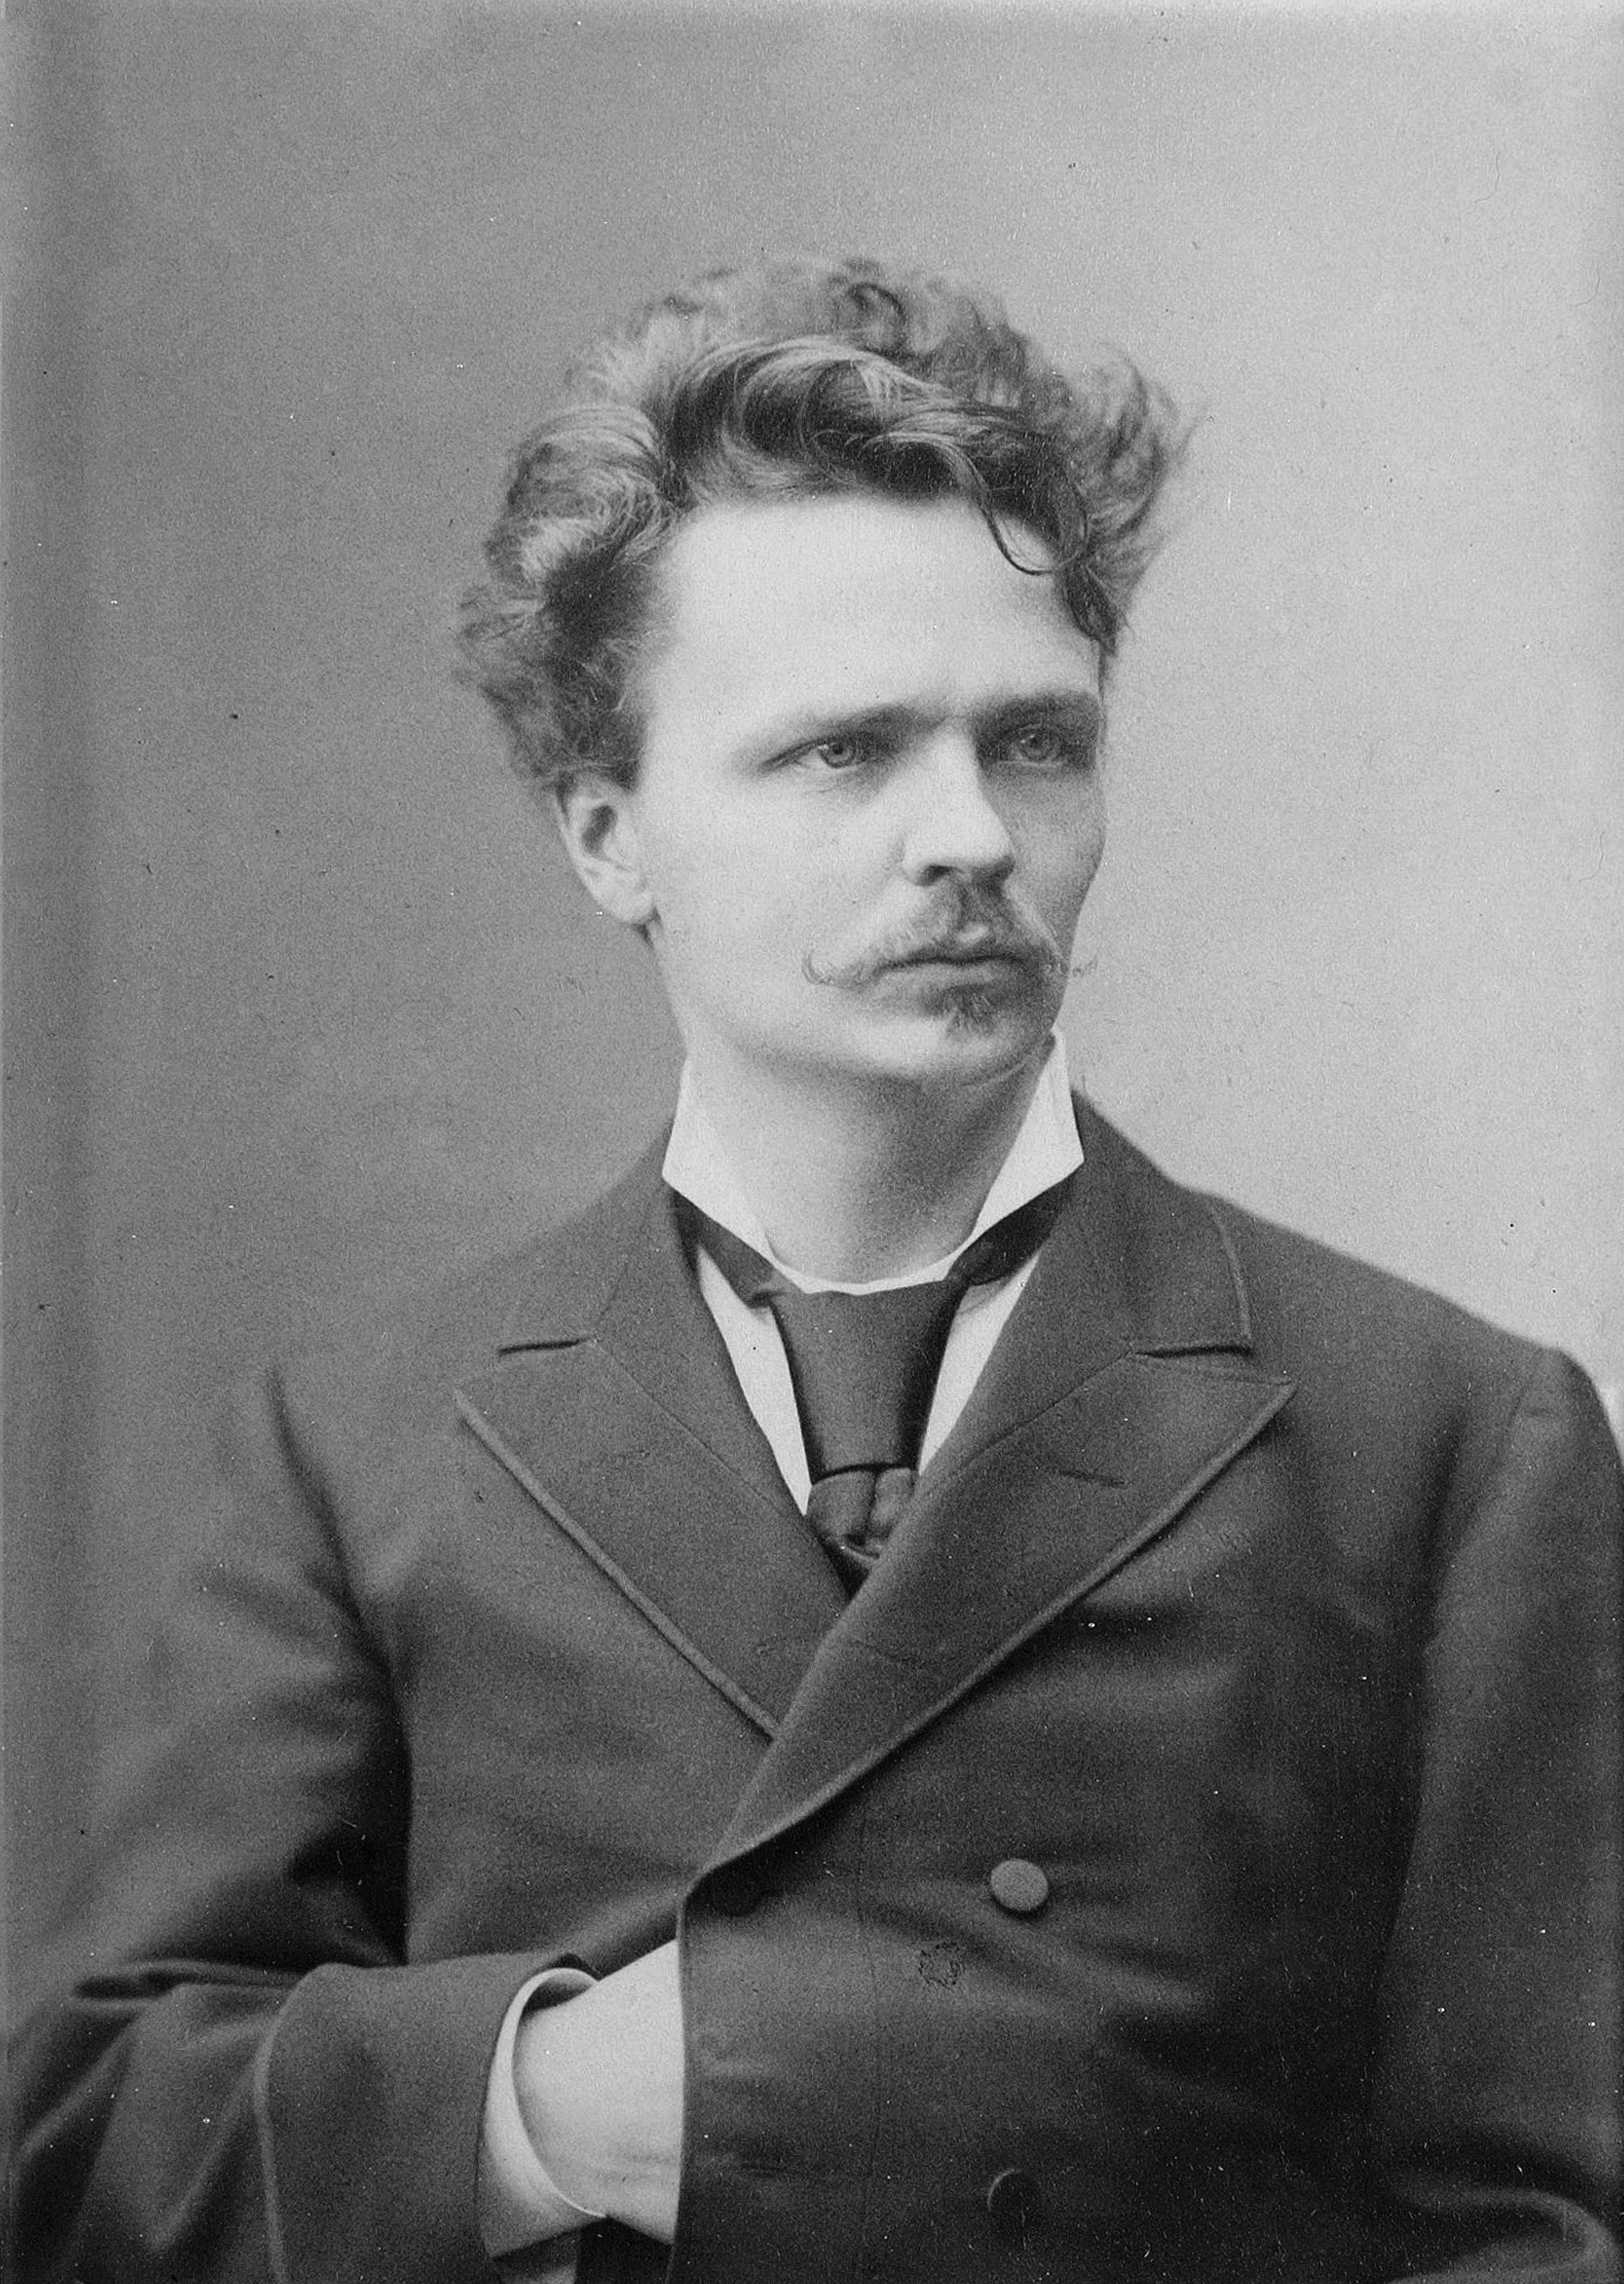 August Strindberg (1849-1912)
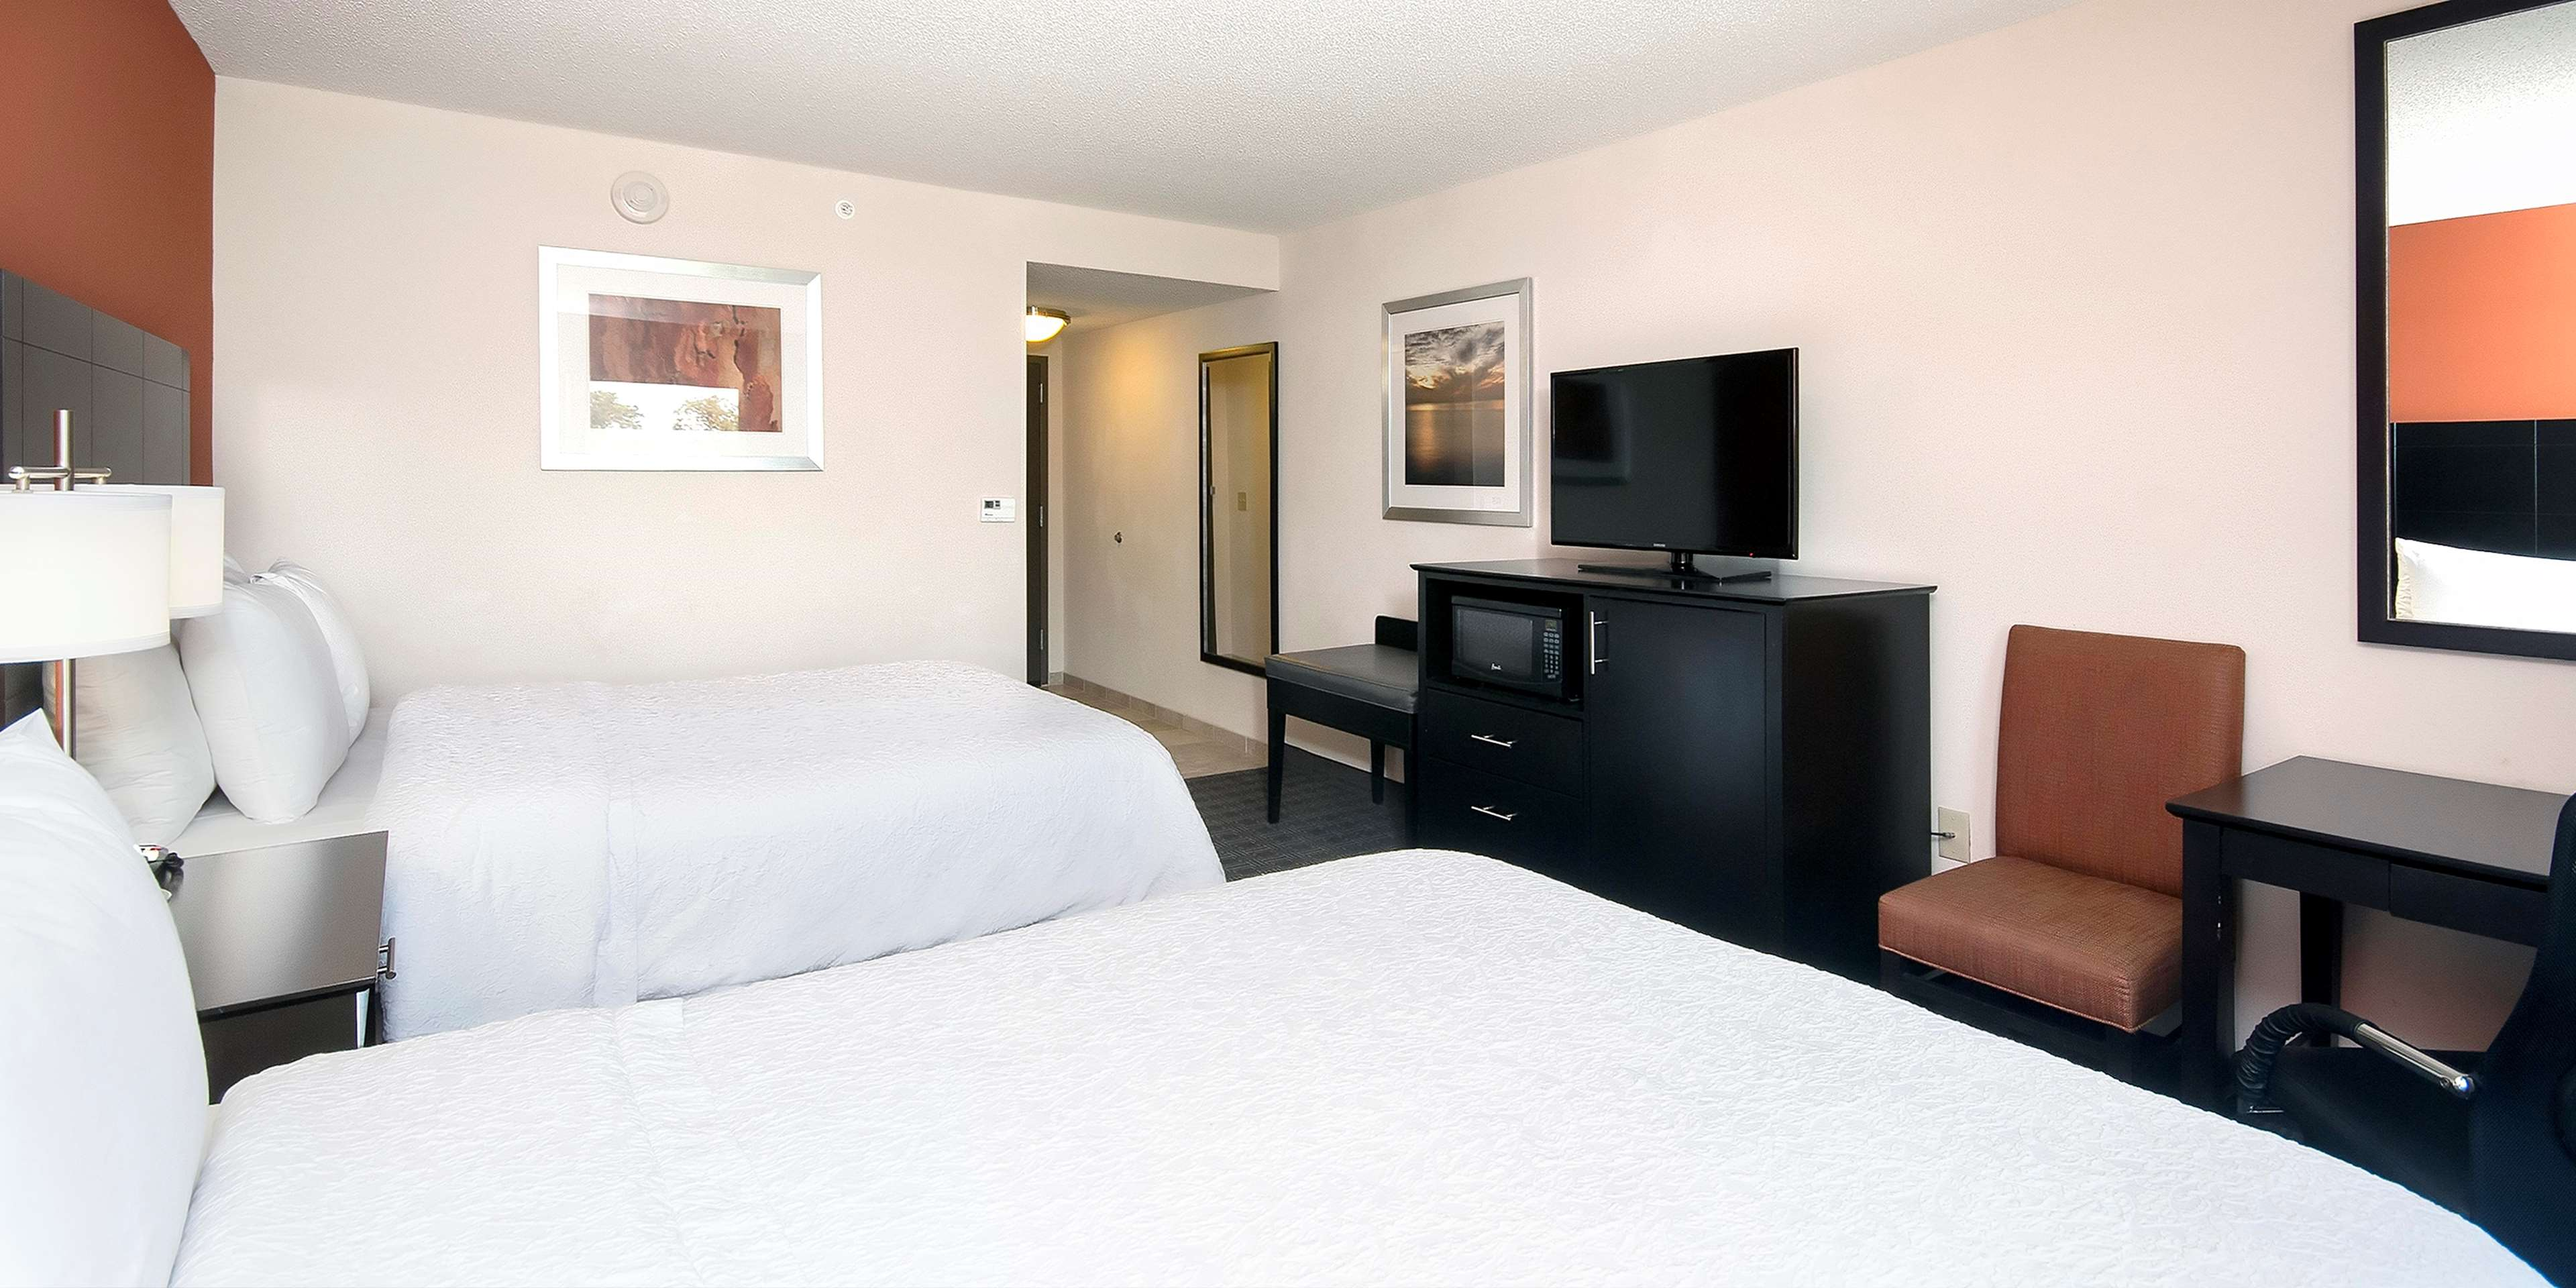 Hampton Inn & Suites Seneca-Clemson Area image 31
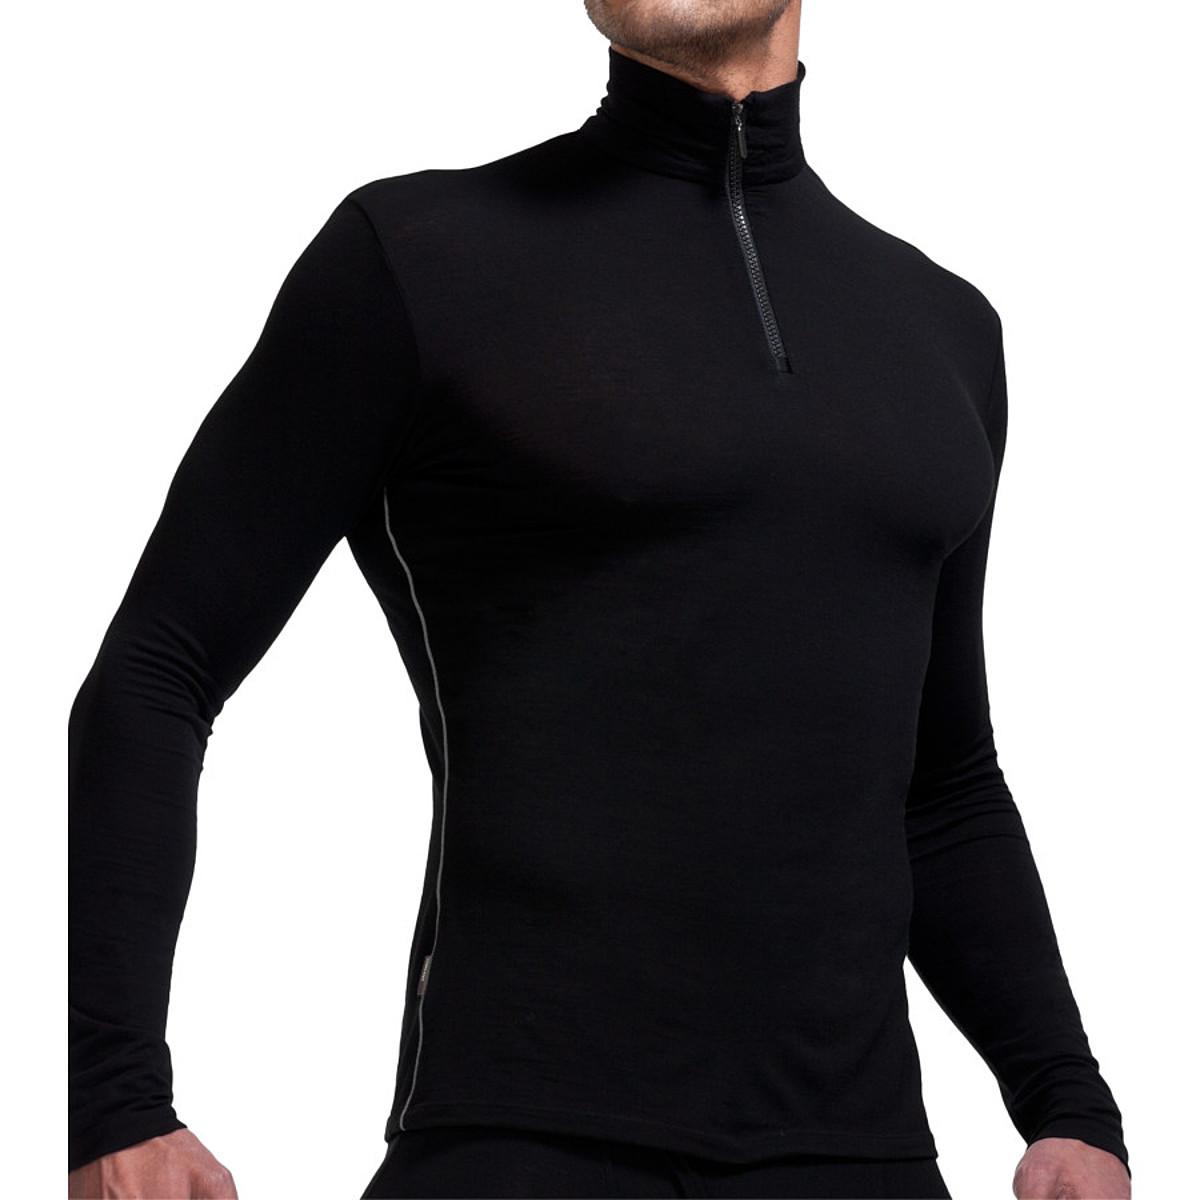 Icebreaker Anatomica Long Sleeve Half Zip
++++++++
Please reproduce each line of the listing above exactly, skipping pictures.

* Written response
 August Strindberg (1849-1912)
 Hampton Inn & Suites Seneca-Clemson Area image 31
 Icebreaker Anatomica Long Sleeve Half Zip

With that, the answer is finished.